One of the best trends in business
Data analytics has emerged as one of the fastest-growing trends in business. This type of analytics has been around for a while, but in recent years, it has really come into its own. Data analytics is beneficial for businesses in many ways. It can be used for fraud prevention, marketing and sales, and operational efficiency. Moreover, the right tools and education can help businesses automate data extraction and synthesize it to make more insightful and strategic decisions.
Data analytics is a cost-effective way for companies to increase revenue. By automating data collection and finding insights, employees have more time to handle more complex tasks. It can also help companies to find unique opportunities they might have otherwise missed, plan new products for customers or determine how to optimize operations better. All of this happens in ways that were impossible before modern-day data analytics.

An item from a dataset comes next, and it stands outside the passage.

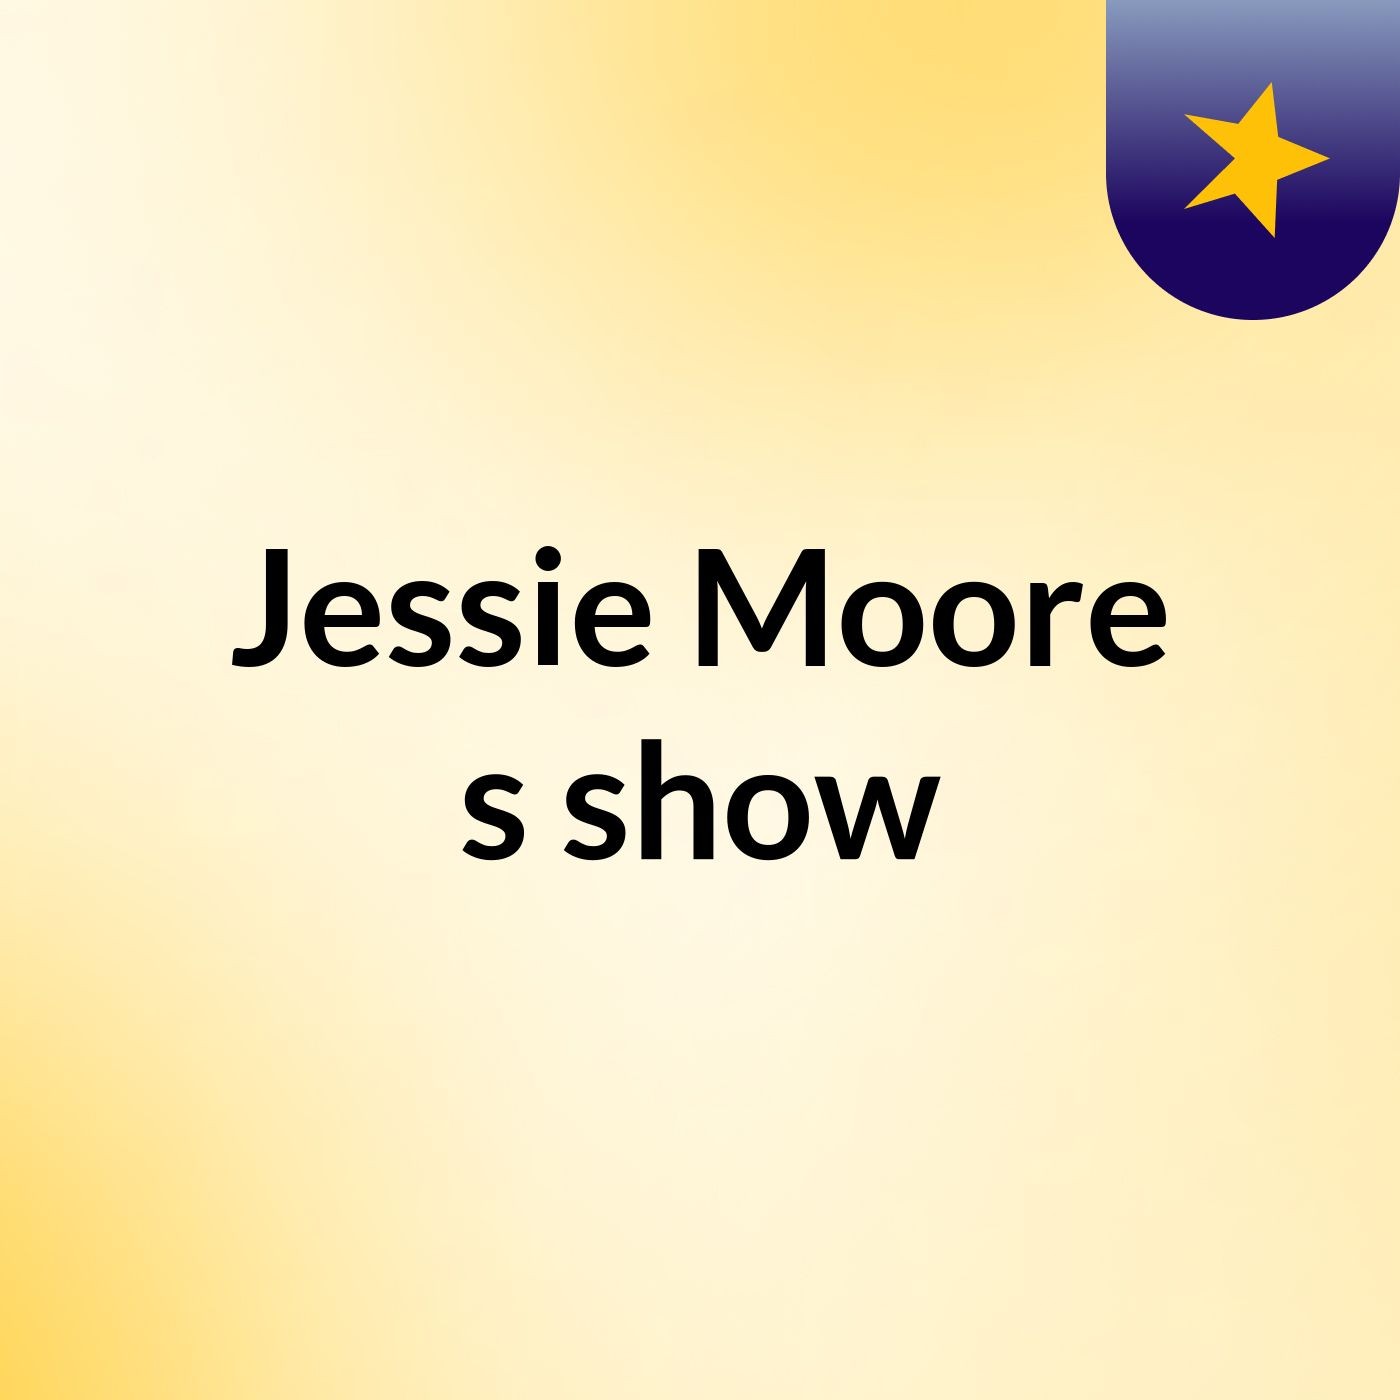 Jessie Moore's show

Fortunately, tools exist in the marketplace that helps businesses to increase customer satisfaction. As a result, executives can now spot trends and patterns that would otherwise go unnoticed with the right tools and companies can find ways to improve the user experience by analyzing how users interact with their products. This is especially important for customer satisfaction and retention.
Data analytics is one of the most essential components of modern business operations. The more data you have, the more insights you can glean from it and the better your decisions will be. Data-driven companies are better positioned to conduct business, innovate, deliver customer value, achieve strategic goals, improve customer service, and find new insights to grow and expand. There is no denying that data analytics has become fundamental in the modern business world.